Хотя бы один

We use cookies. Read the Privacy and Cookie Policy

Хотя бы один

Мы все были в страшном напряжении, наши чувства бурлили, воздух как будто раскален, а люди — как порох: хватило бы даже искры, чтобы занялось пламя. Эта искра тлела в наших сердцах, ожидая дуновения ветра, который бы ее раздул, — но суровая холодная волна потушила ее.

Проклятые преступники, эти негодяи, чье единственное желание — выследить нас, поставить нам капкан, поймать нас, — поняли наши намерения и почувствовали наш настрой. Они прочли самые сокровенные наши мысли и увидели в них нашу духовную наготу. И, чтобы избежать нежелательных последствий, чтобы беспрепятственно осуществить задуманное и избавиться от нас, они обратились к старому известному принципу, ставшему девизом британской политики: «Разделяй и властвуй».

Они разделили нашу семью, уничтожили всеобщее чувство опасности — отныне боялись только «неприписанные». В ту минуту, когда братья, оставленные на работе в крематории, смогли забыть об этой опасности — опасности лишиться своего места, которое казалось им надежным, — у нас больше не осталось общих чувств и стремлений. Те, кто продолжал еще питать иллюзии в отношении своей судьбы, кто надеялся выжить, пережить этот кошмар, — оказались безоружны. У них пропало желание бороться. Инстинкт самосохранения не позволял им и помыслить о борьбе и мести.

Мы разделились на две группы — каждая думает о своем и каждая боится своего. Одна — над которой уже нависла страшная угроза, — и другая, которая еще не осознает опасности.

Бывшие братья стали друг другу чужими. Те, кого увозят от нас навсегда, сейчас стоят, бессильно опустив руки. Уверенность в завтрашнем дне, казавшаяся незыблемой, исчезла, и от братских чувств, от ощущения общей ответственности — один за всех и все за одного — не осталось и следа. Однако связующая нить между теми, кто уезжает, и теми, кто остается, порвана еще не полностью, ведь «приписанные» все-таки помнят, что им угрожает не меньшая опасность, и каждый из нас чувствует себя так, как будто от его тела живьем отрывают куски.

И все же разница между нами есть: привилегия, полученная теми, кто остался приписанным к крематорию, дала им право думать, что первыми, кто ввяжется в бой, должны быть «они» — люди, над которыми уже занесен меч. Человеческая слабость — страх рисковать собой, страх потерять свою все равно обреченную жизнь — нашла себе хорошее оправдание.

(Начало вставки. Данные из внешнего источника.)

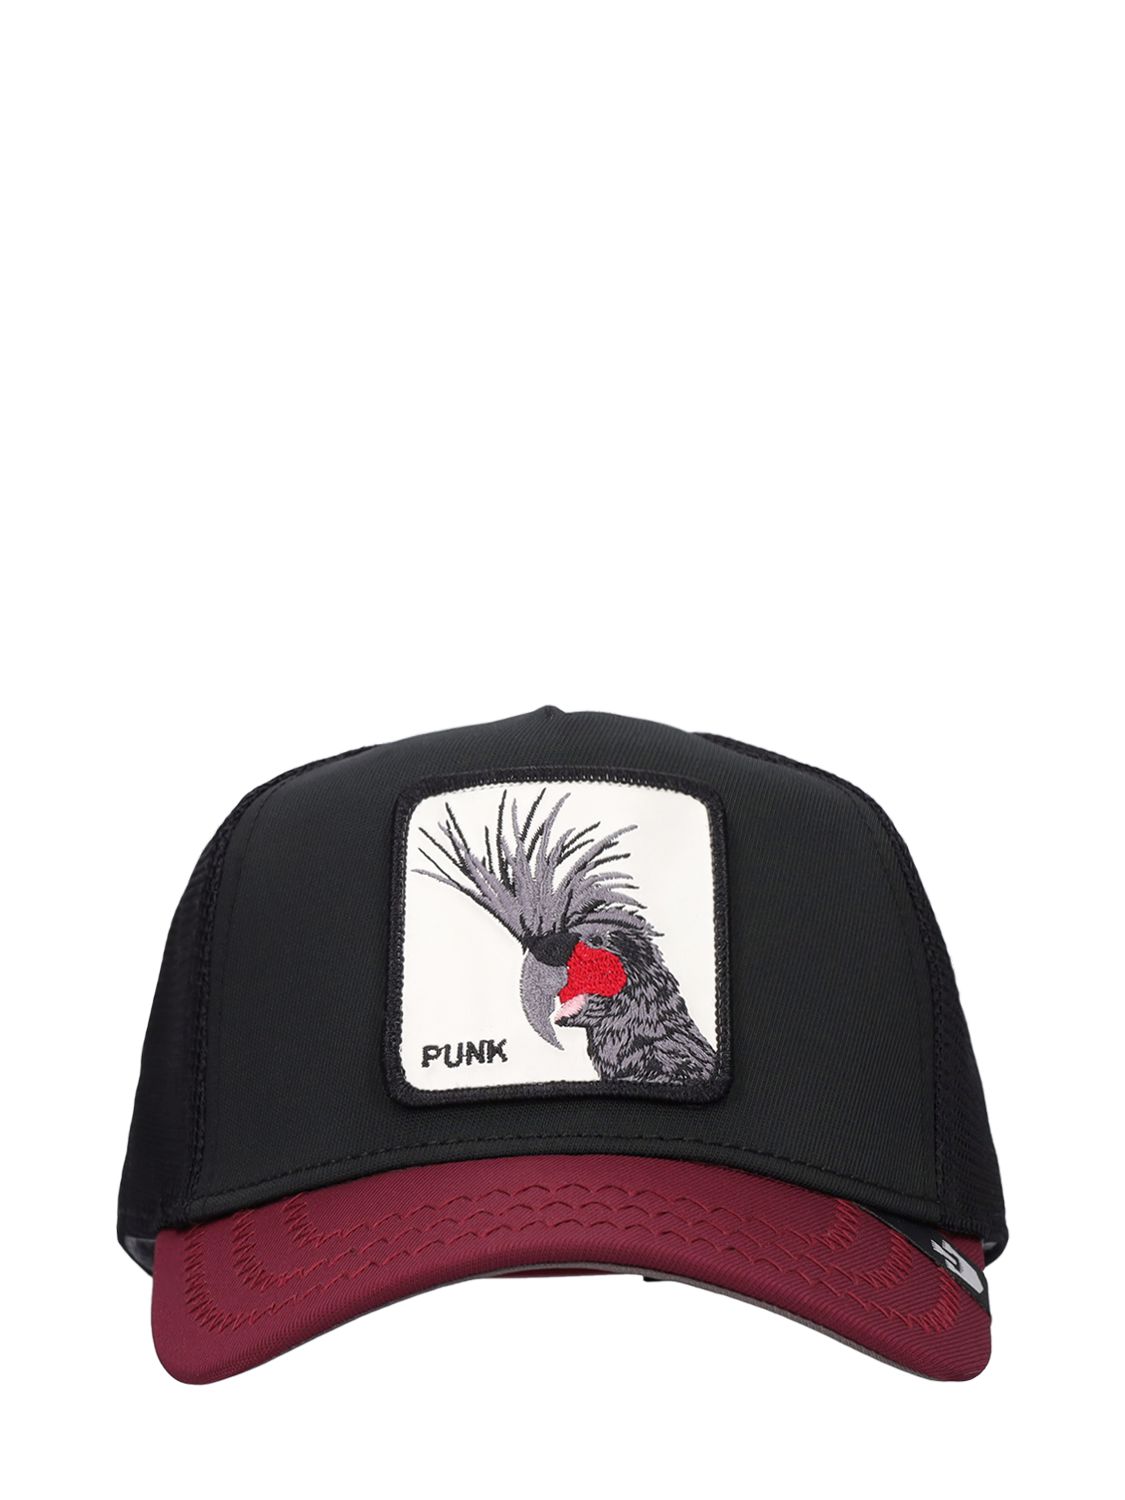 The Punk Trucker Hat W/patch

Все смотрели на братьев, выстроившихся в колонны на плацу. Казалось: одно их движение — и мы бы тоже, не раздумывая, ринулись в бой. Все с радостью поддержат их порыв, все напряженно ждут того, что должно произойти в ближайшие минуты.

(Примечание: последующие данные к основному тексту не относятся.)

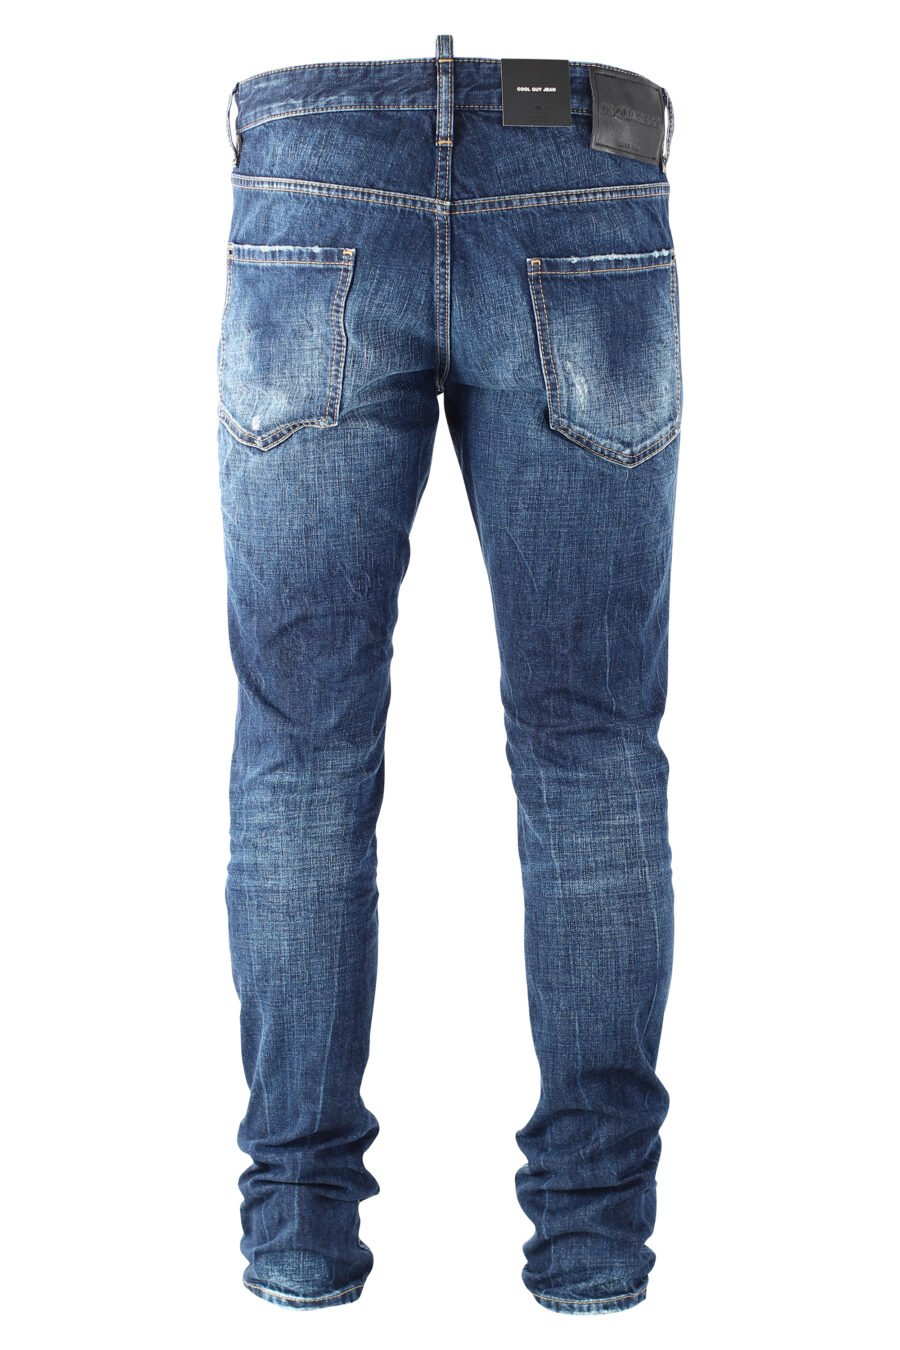 Jeans "cool guy jean" bleu avec logo "D2" noir - IMG 9689

Но и тут стрелы наших врагов поп&аи в цель: разделение сбило с толку и тех, кому, казалось, уже нечего терять. Они видели, что между нами и ними выросла железная стена, что они остались в одиночестве и что нас с ними уже ничего не связывает. В это же заблуждение впали и мы. Если бы нашелся хоть один человек, который сохранил бы способность трезво мыслить, не поддался бы оглушающему действию разделения, этому опиуму, который бандиты влили в наши окаменевшие сердца, если бы он бросился в бой — тогда бы произошло чудо. Его воля окрылила бы всех нас, его движения вызвали бы бурю, из искр, тлеющих где-то в глубине, вспыхнуло бы пламя — и мир впервые услышал бы предсмертный вопль изверга и ликующую песнь победителей, детей истребленного народа.

Это был наш шанс, мы уже чувствовали муки, в которых должно было родиться что-то новое и небывалое, муки мести и героизма, — но в этих муках появилось на свет совсем другое дитя — трусость.